Bij de meerderheid van de afwijkingen kan de radioloog na de echo direct uitsluitsel geven of er sprake is van een benigne verklaring voor de klachten, of dat er verder onderzoek moet worden gedaan voor een definitieve diagnose, bijvoorbeeld een aanvullende punctie.
Als nadeel geldt dat het een vluchtig onderzoek is, dat alleen goed reproduceerbaar is als het op gestandaardiseerde wijze wordt vastgelegd. Een valkuil is de palpabele afwijking die op mammografie en echografie niet als een duidelijke afwijking in beeld komt. De patiënt moet dan het advies krijgen, om bij blijvende klachten terug te komen, bijvoorbeeld na drie maanden. Bij een persisterende palpabele afwijking mag dus niet vertrouwd worden op een echografie zonder afwijkingen, maar moet de patiënt toch worden doorverwezen [6].
Hand-held echografie mist overzicht, waardoor het niet geschikt is voor screening. Er zijn inmiddels wel geautomatiseerde echografiesystemen in de handel, waarmee een gehele borst kan worden bekeken, maar de resultaten tonen nog te veel fout-positieve bevindingen. In een grote Amerikaanse studie was slechts 6,8 % van alle gevonden afwijkingen maligne [10].
De kracht van de echografie ligt in het onderzoek van palpabele afwijkingen en van lokale afwijkingen op het mammogram (of op de MRI) die nader onderzoek vereisen.
  • Bij een patiënt jonger dan 30 jaar is echografie het onderzoek van eerste keuze.
  • Bij een patiënt ouder dan 30 jaar is echografie het onderzoek van eerste keuze, nadat een mammogram is gemaakt.
  • Daarnaast is de echografie voor de radioloog onmisbaar bij het uitvoeren van puncties, biopsieën en lokalisatieprocedures.
Ook bij palpabele klachten bij zwangere vrouwen of bij vrouwen die borstvoeding geven, wordt in eerste instantie een echografie verricht.
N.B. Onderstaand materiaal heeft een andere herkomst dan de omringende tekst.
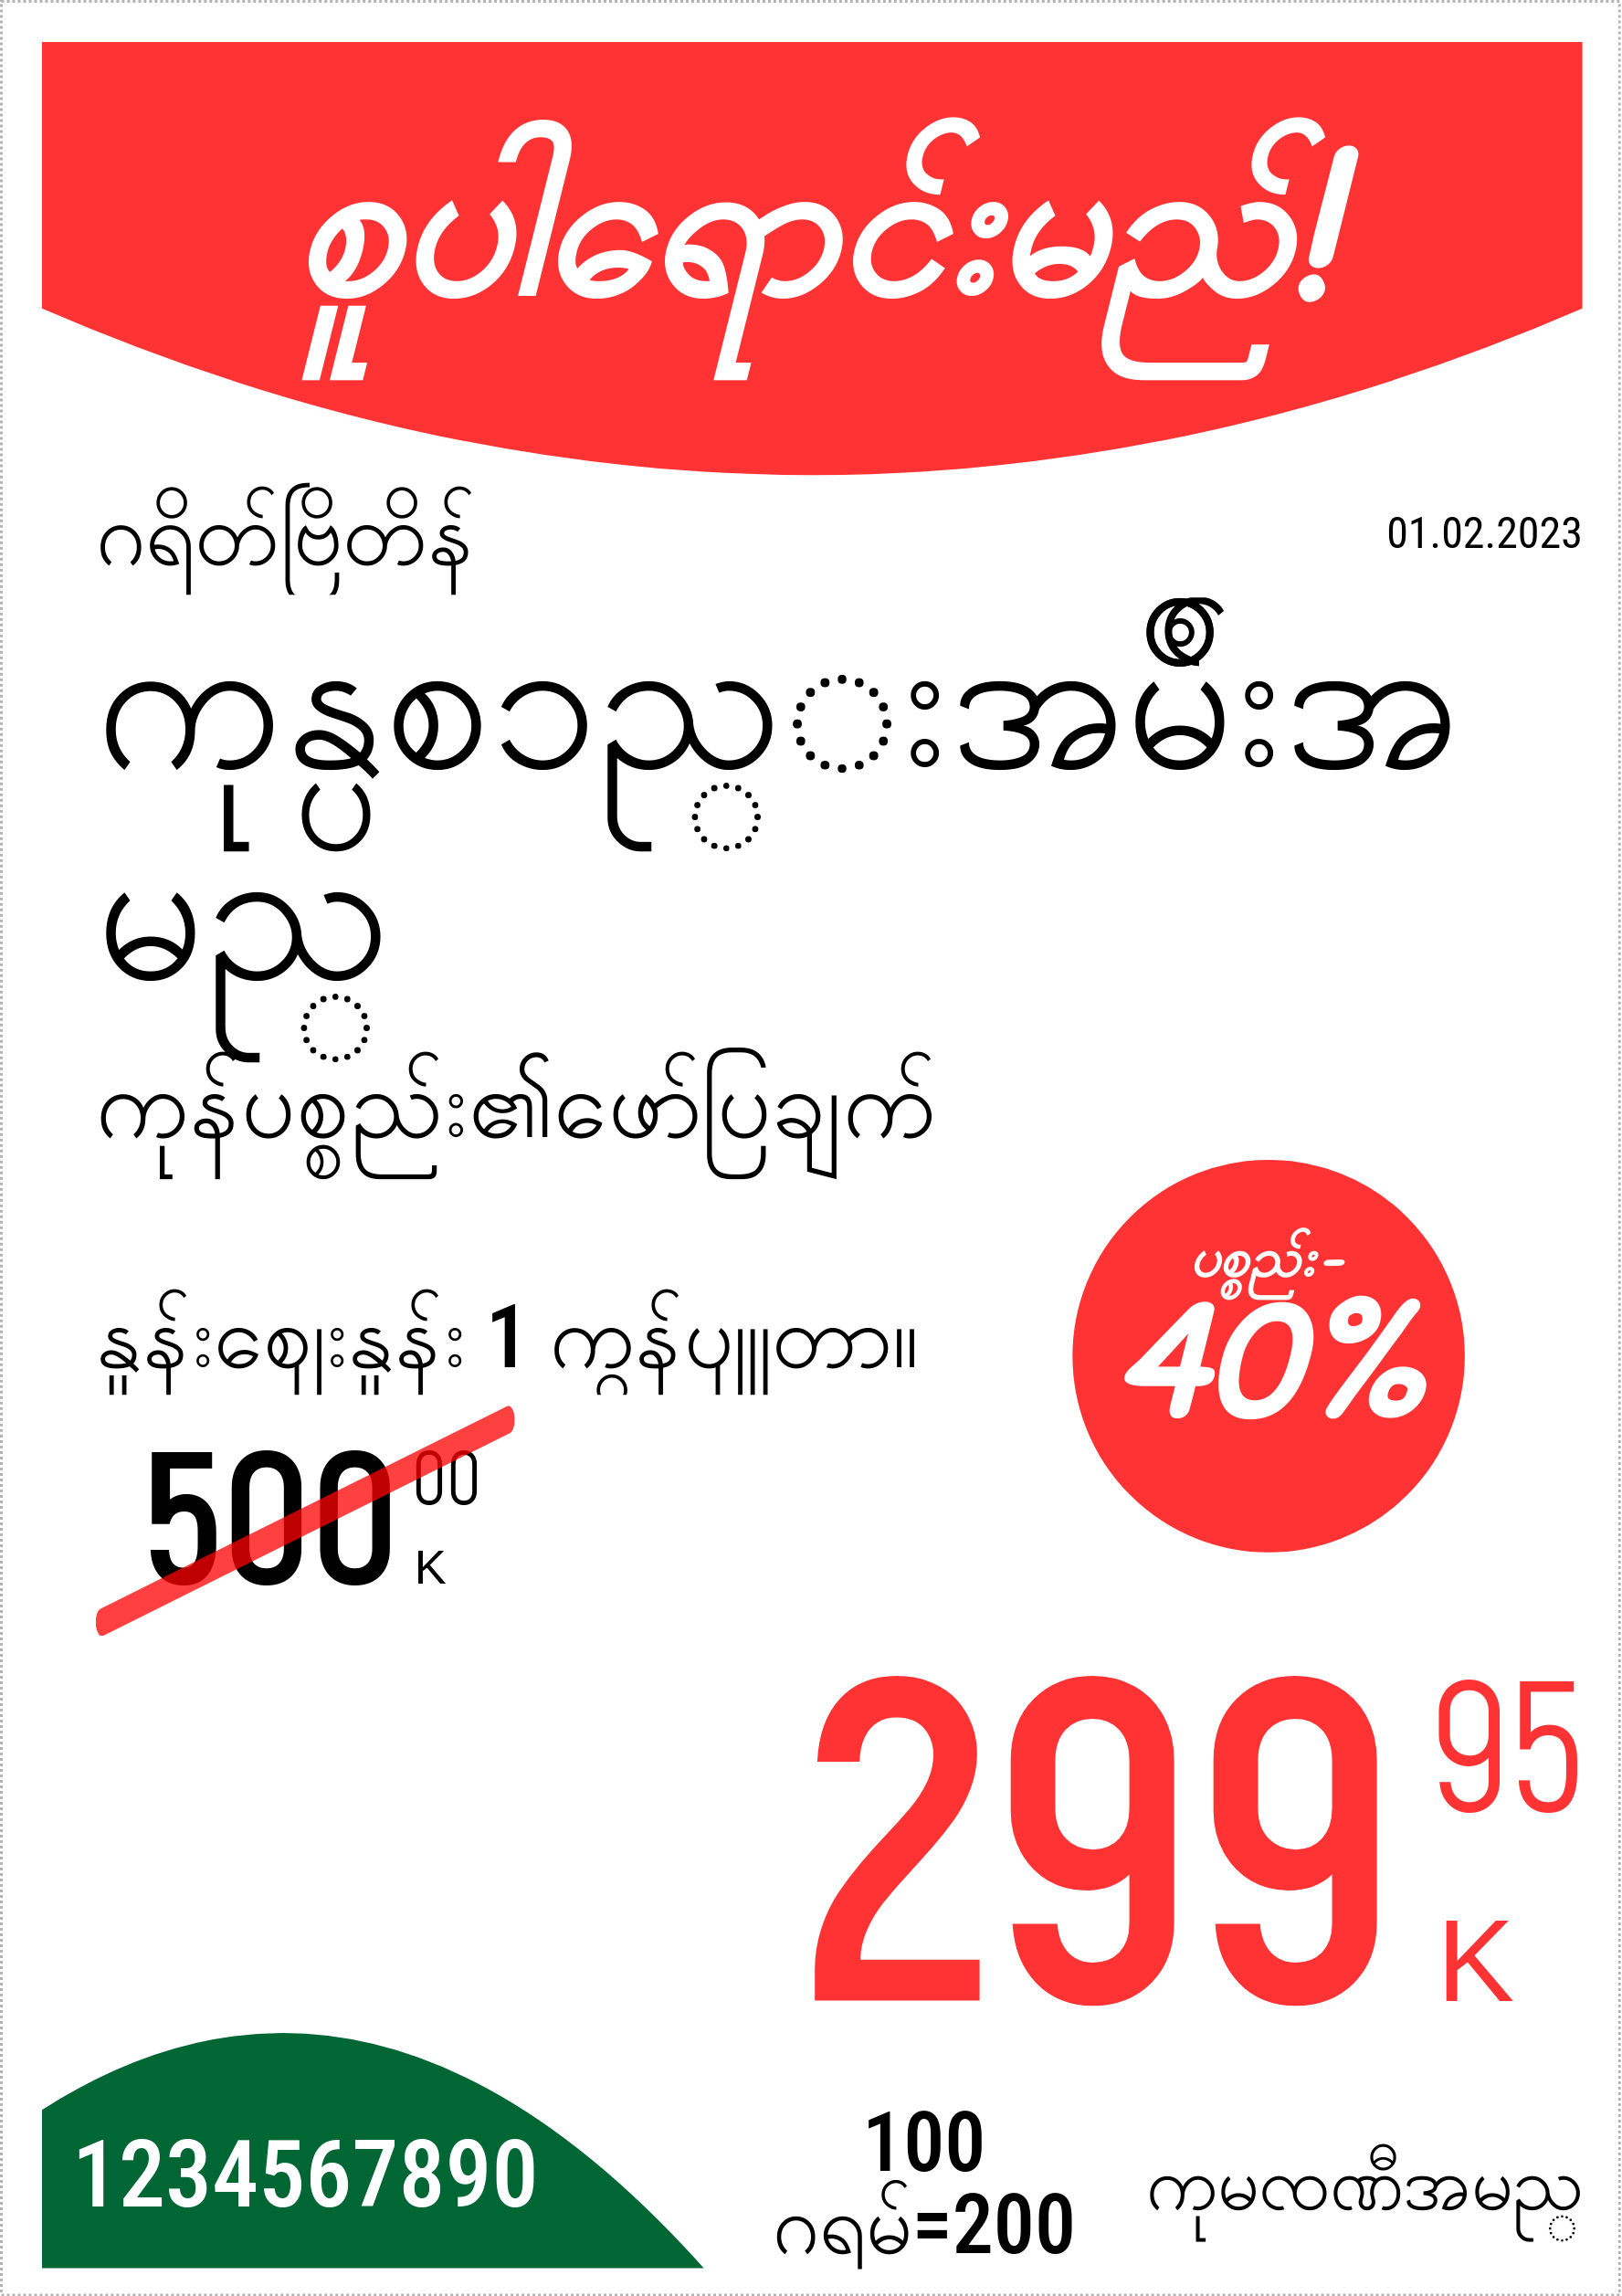 မြန်မာဘာသာ မူလနေရာ / ဒေါင်လိုက် / တစ်ဦးက5(တစ်ဝက်4 စာရွက်) / ပရိုမိုးရှင်း

Bij deze vrouwen is het klierweefsel zeer dens, waardoor een mammogram minder betrouwbaar is. Wanneer er bij echografie afwijkingen worden gevonden, komt deze groep vrouwen echter vaak alsnog voor mammografie in aanmerking [6].

Prothesen

Vrouwen met siliconenprothesen tussen 50 en 75 jaar hebben recht op deelname aan het BOB. Er is geen verhoogd risico op het ontstaan van lekkage als gevolg van compressie tijdens de mammografie, de laboranten passen de compressie erop aan (fig. 3). Als de prothese echter zo groot is, dat hierdoor 70 % of meer mammaweefsel onzichtbaar wordt (het BOB heeft hiervoor een formule ontwikkeld), dan wordt de vrouw verwezen naar de afdeling Radiologie van het ziekenhuis. Van de radioloog en de laborant aldaar wordt verwacht, dat zij zich inspannen om speciale opnamen te maken, waarbij de prothese wordt weggedrukt, zodat er meer klierweefsel in beeld komt. Ze kunnen ook besluiten tot screening met echografie. Omdat het klierweefsel meer uitgespreid ligt over de prothese, zijn de resultaten hiervan relatief goed. Screening met MRI wordt niet aanbevolen [11].
Bij symptomatologie wordt (boven de 30 jaar) ook altijd eerst een mammografie verricht, aangevuld met echografie.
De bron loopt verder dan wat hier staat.